Before 30 June 2022, the $450 threshold for Superannuation Guarantee Contributions (SGC) referred to the minimum amount of earnings an employee must receive in a calendar month before their employer is required to make superannuation contributions on their behalf.

In other words, if an employee earns less than $450 in a calendar month, as an employer you are not required to make superannuation contributions for that month.

In the new financial year from 1 July 2022, the threshold for the Superannuation Guarantee Contributions (SGC) has been removed. This means that regardless of how much an employee earns, their employer will be required to make superannuation contributions to their super fund on their behalf.

What do the ATO’s new super guarantee rules mean?

Did you know the Australian Taxation Office (ATO) introduced new super guarantee rules that came into effect on 1 July 2021?

The Australian Government is getting tougher on employers with the aim of the new rules ensuring employees receive the correct amount of superannuation guarantee (SG) contributions from their employers and improve compliance with SG obligations.

Let’s check out the key changes under the new rules –

Removal of the $450 monthly earnings threshold

Previously, employers were not required to make SG contributions for employees who earned less than $450 in a calendar month. This threshold has been removed, meaning that employers must make SG contributions for all eligible employees regardless of how much they earn.

Expansion of the definition of Ordinary Time Earnings (OTE)
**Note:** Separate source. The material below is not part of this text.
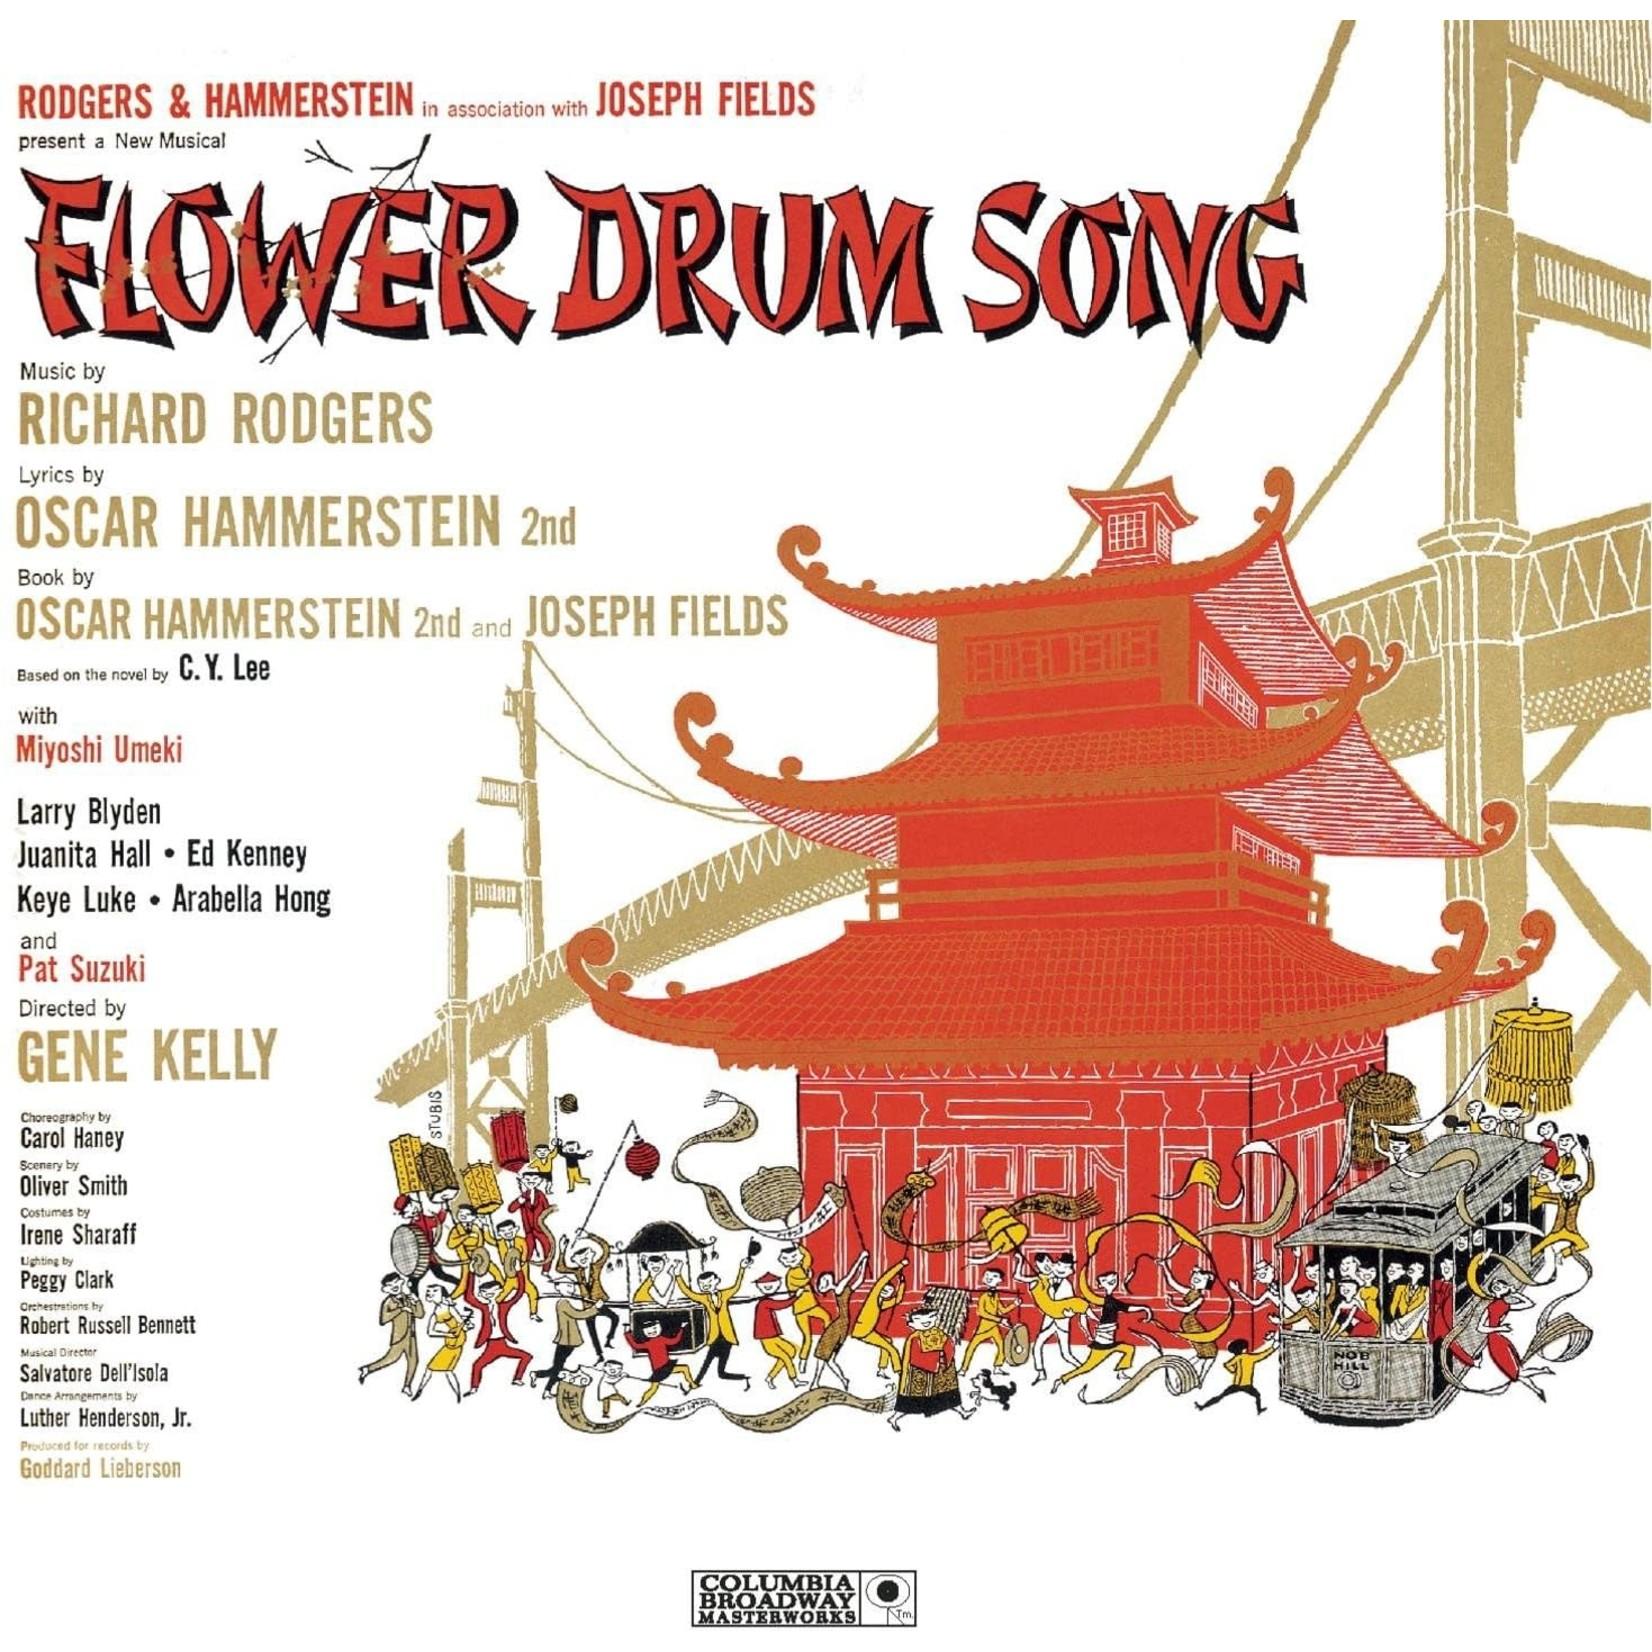 [Vintage] Rodgers & Hammerstein: Flower Drum Song (Soundtrack)

The definition of OTE has been expanded to include a broader range of payments such as bonuses, allowances, and commissions. This means that employers must now calculate super payments based on a wider range of payments made to their employee’s choice of fund.

 Annualisation of salary arrangements

Employers who use annual salary arrangements must ensure that the annual salary paid to employees covers all of their entitlements, including SG contributions. If the annual salary falls short of the employee’s entitlements, the employer must make additional payments to ensure compliance.

 

Increased powers for the ATO

The ATO has been given increased powers to enforce compliance with SG obligations, including the ability to issue directions to employers and make estimates of unpaid SG contributions.

Overall, the new SG rules aim to improve compliance with SG obligations and ensure that employees receive their correct SG contribution.

Employers should review their SG processes and seek professional advice to ensure they are meeting their obligations under the new rules.

Do all employers have to pay superannuation?

In general, all employers in Australia are required to pay Superannuation Guarantee Contributions (SGC) for their eligible employees.

Employers are required to pay SG contributions to their employees’ super fund at least quarterly, based on a percentage of their OTE.

Who is exempt from the superannuation guarantee?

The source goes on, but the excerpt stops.